Expenses associated with the hiring of the billboard were not included in the FARA filings. According to the documents, Xinhua paid more than $130,000 in unspecified “communication fees” between March 2020 and May 2021. It does not specify to whom the fees were paid.

Xinhua’s filing comes after several lawmakers asked the DOJ to look into Xinhua’s FARA registration in recent years. In a January 2020 letter to then-Attorney General William Barr, Rep. Jim Banks (R-Ind.) said it was “extremely troubling” that the outlet had not yet registered, adding that “Xinhua and the Chinese Communist Party have deep, longstanding ties.”

Xinhua was one of 15 Chinese state-controlled media outlets designated as foreign missions by the Trump administration last year. The move, which limited their operations in the United States but had no effect on what they could publish, was made in recognition of their roles as Chinese Communist Party propaganda organs.

According to a 2017 congressional commission report, Xinhua was not only involved in propaganda work.

According to the report by the US China Economic and Security Review Commission, “Xinhua serves some of the functions of an intelligence agency by gathering information and producing classified reports for the Chinese leadership on both domestic and international events.”
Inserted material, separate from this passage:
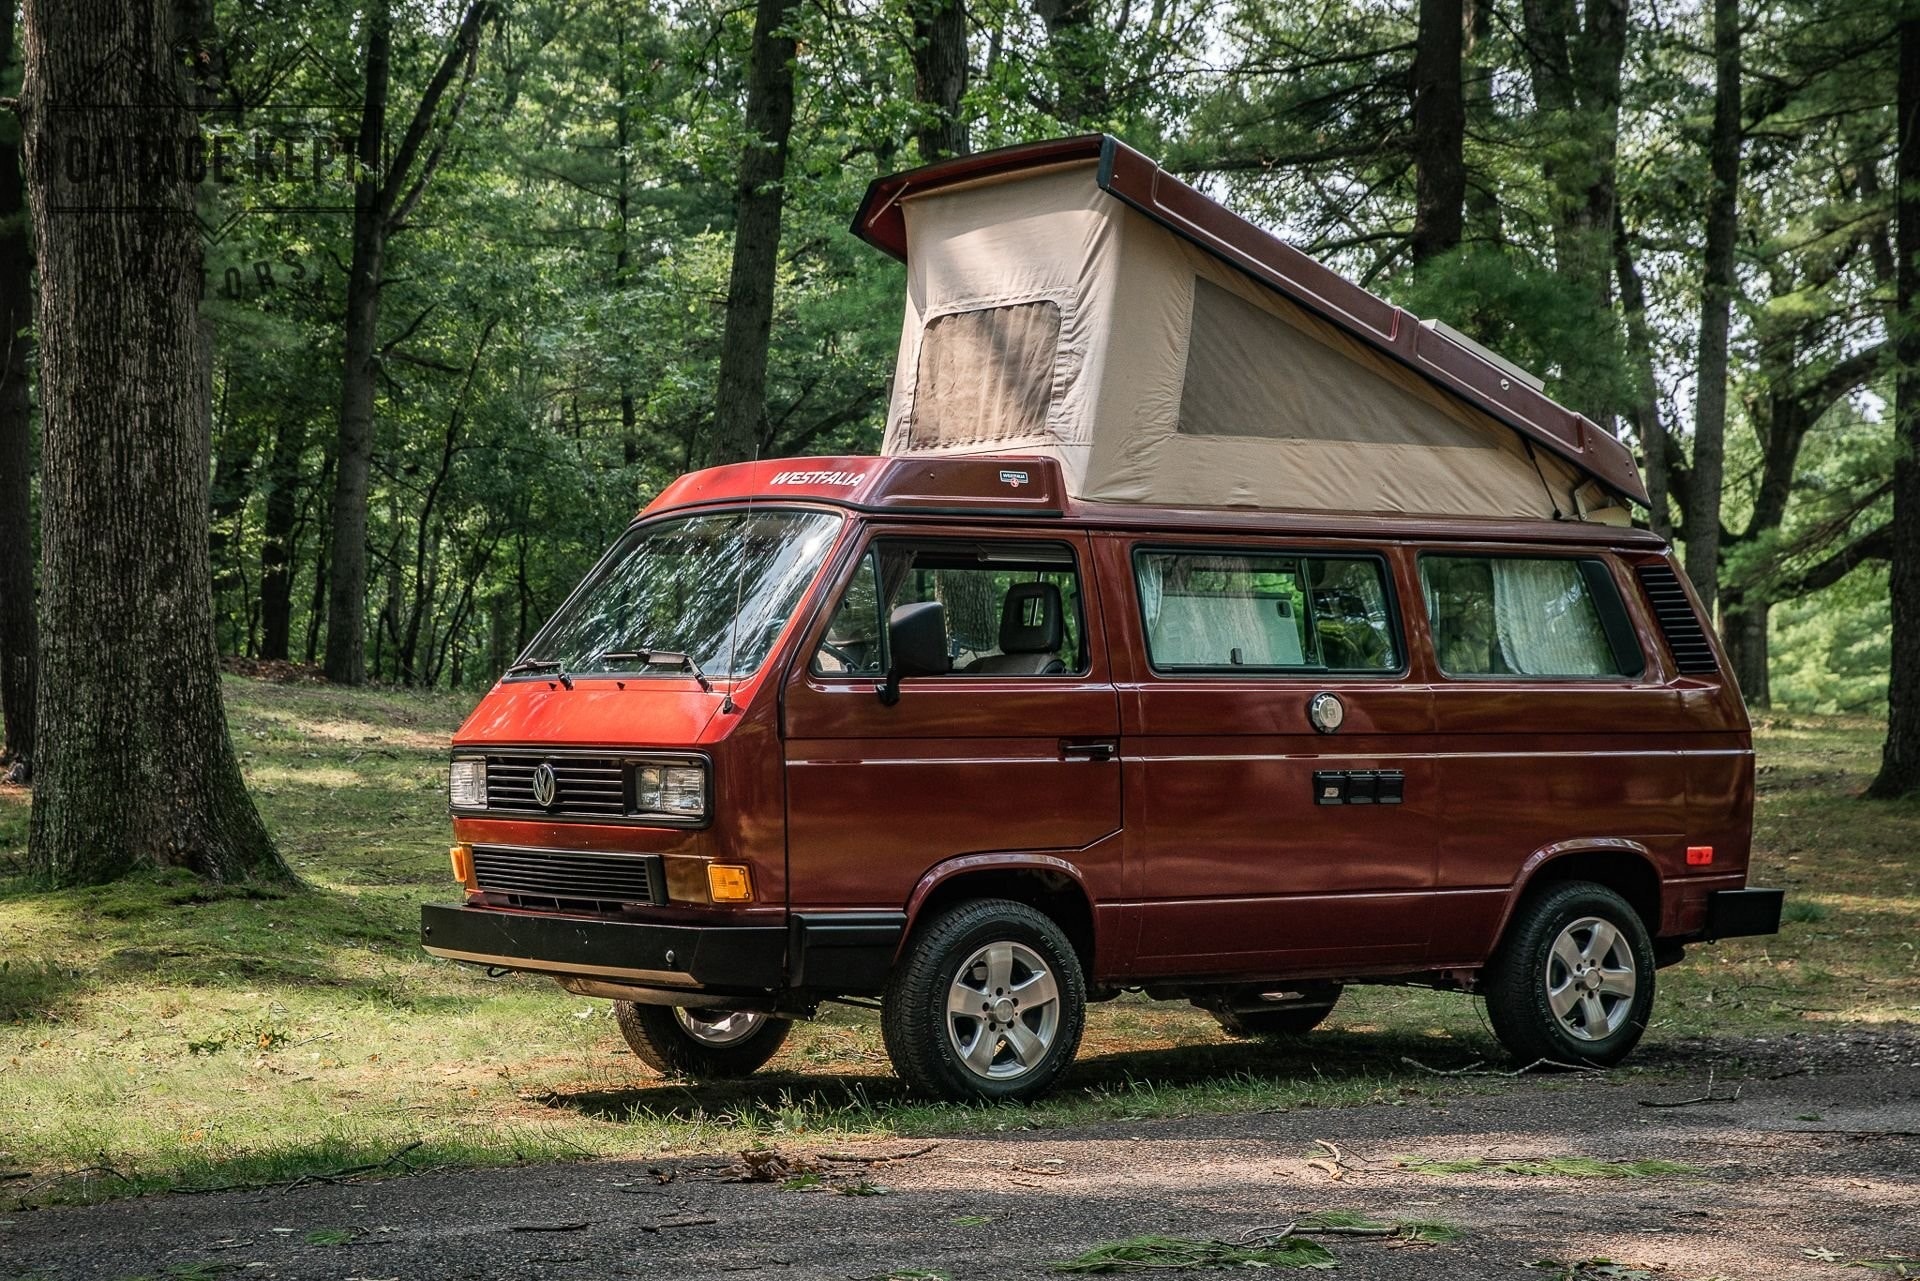 https://s1.cdn.autoevolution.com/images/news/titian-red-1989-vw-vanagon-westfalia-is-one-cool-summer-camper-also-very-pricey-167973_1.jpg

Former Xinhua reporter Canadian Mark Bourrie claimed that while working as a press gallery reporter from 2010 to 2012, he was used by the outlet to gather intelligence on overseas critics of the regime. In one case, he was asked to prepare a transcript of the Dalai Lama’s press conference with reporters in Ottawa, as well as to learn what the spiritual leader discussed in a private meeting with Canada’s then-Prime Minister Stephen Harper. When Bourrie asked his bureau chief if the material would be used for a news story, he was told no.

“When they go to a two-day Tibet conference and film and transcribe everything, that is not going to a special publication—that is going to Chinese intelligence,” Bourrie told The Epoch Times at the time.